Msika is said to be a former confidant of the late Joshua Nkomo, leader of ZAPU who forged the Unity Accord with Mugabe in 1987 and became Zimbabwe’s vice-president under Mugabe until his death in 1999.



Mugabe increasingly seems to be sidelining these former ZAPU stalwarts who he sees as a stumbling block to his unbridled ambition to be the country’s life president. In the ongoing war veterans’ campaign, they have been declared enemies of the president. This has not gone down well with these senior politicians who have also voiced their opposition to the former fighters’ leader, Sibanda.



In another sign that Sibanda has only succeeded in estranging Mugabe from his erstwhile comrades from ZAPU, these Matebeleland politicians have reportedly sought an audience with Mugabe “to remind him of the Unity Accord”.



Though the officials have tried to play down these reports, Sibanda seems to have confirmed his place in the party’s internal squabbles with questions being asked by some Bulawayo-based war veterans how somebody who was expelled from the party could lead the so-called solidarity marches in support of Mugabe, according to some media reports here.



These differences have arisen against the background of the Southern African Development Community, SADC, efforts to broker the troubled nation’s crisis. Analysts insist war veterans are throwing spanners in the works because one of the sticking points of the negotiations between ZANU-PF and the opposition MDC is Mugabe’s exit.



“We are in for a long wait in the solving of the crisis with the war veterans throwing their weight behind Mugabe when everybody else seems to see the future of the country without him,” a Bulawayo-based political commentator told IWPR.



“The divisions rocking ZANU-PF do not point to any reforms as long as the war veterans march across the country supporting Mugabe, without…letting the party congress decide the party’s [presidential] candidate.”



It is generally believed that the former ZAPU leadership is fed up with Mugabe and would rather have another leader come December.
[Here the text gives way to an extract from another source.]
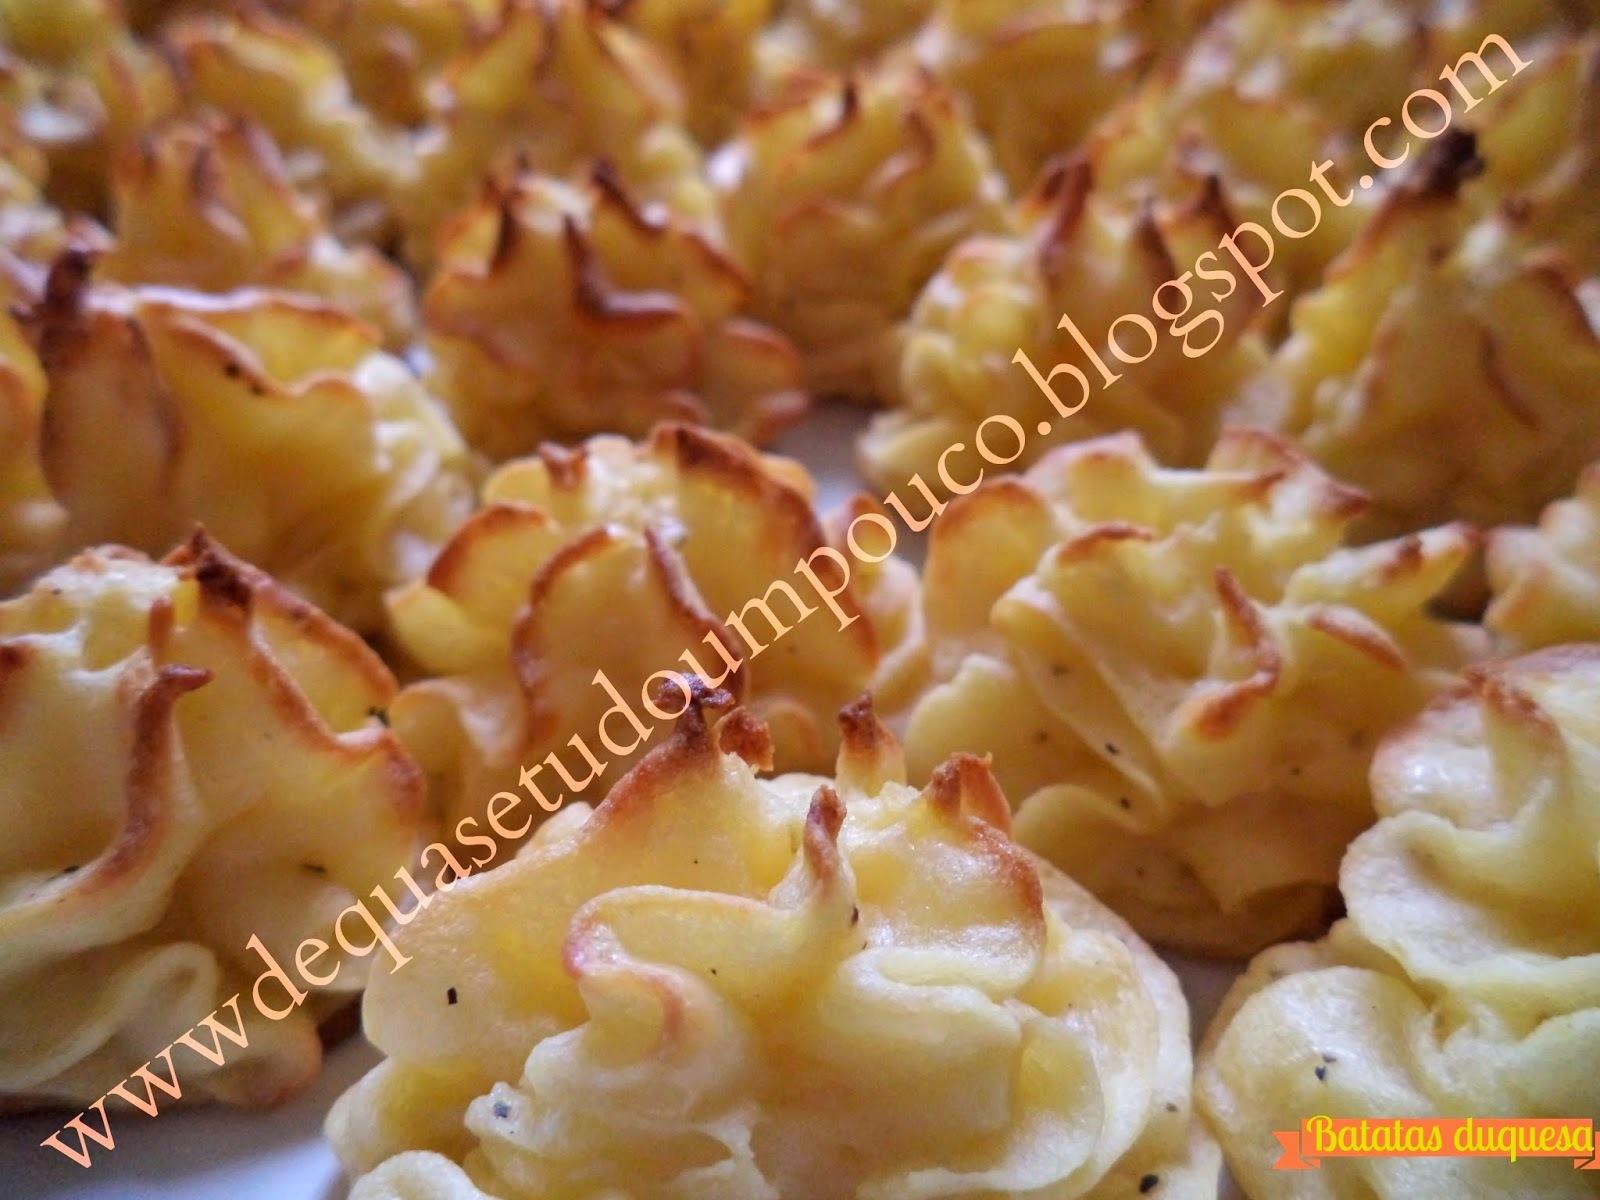 de pao de queijo com batata baroa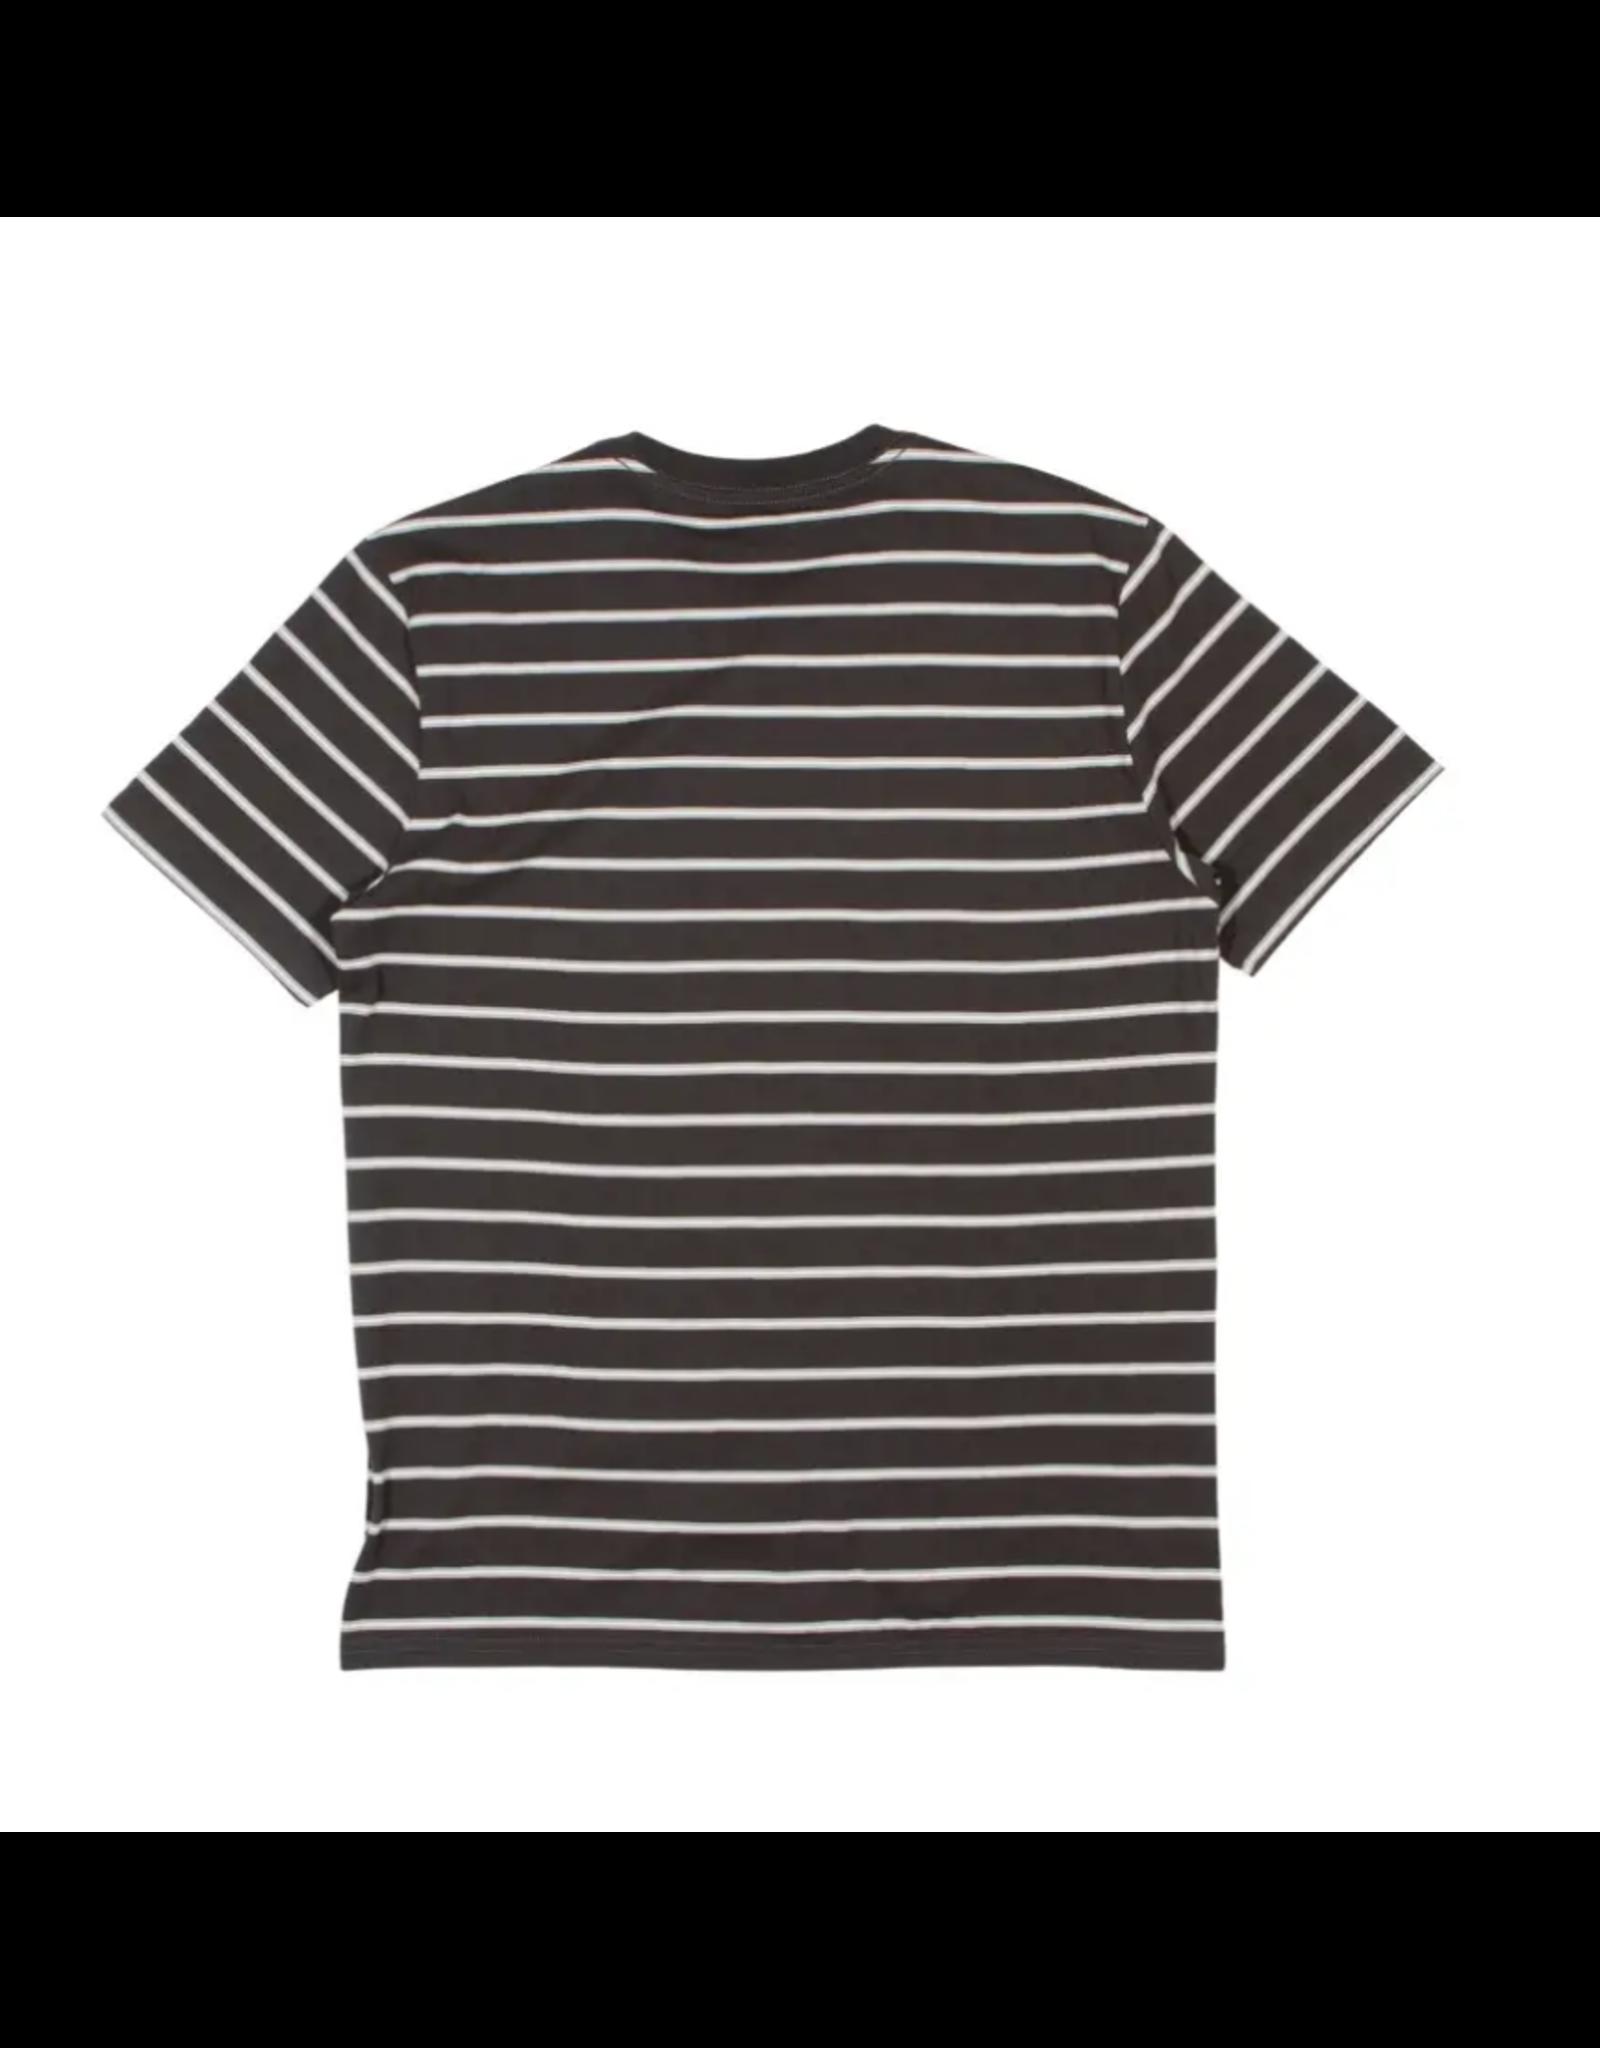 Brixton Hilt Shield Knit T-Shirt - Black

Indications are that they support the faction led by retired army commander General Solomon Mujuru in the internal ZANU-PF power struggle.



Mugabe says he will stand because he does not want the party to be divided over who will take over from him, yet the nationwide marches seeking to impose him as the party’s candidate for next year’s polls appear to be doing just that.



“This is just what the country does not need,” said a Jesuit priest who has lived in Zimbabwe for over thirty years and a close Mugabe watcher.



“If only people were left to choose their leaders, the marches [by war veterans] would not have any relevance. But then Zimbabwe offers many bad examples of how war veterans have been empowered by politicians who seek to pursue power for power’s sake.”



Zimbabwe’s war veterans have in the past been accused of fomenting political violence ahead of elections, and their endorsement of Mugabe before the ruling party’s congress in December points to the possibility of another election marred by violence.



Already, human rights organisations here say they have recorded an escalation of politically-motivated violence in recent months. One faction of the divided MDC has already indicated it could be pulling out of the South Africa-mediated talks with ZANU-PF if state-sponsored violence is not stopped



Observers say that if war veterans can browbeat party officials as they did in Bulawayo, ordinary voters remain at their mercy as they seek Mugabe’s re-election.



Jacob Nhlanhla is the pseudonym of an IWPR journalist in Zimbabwe.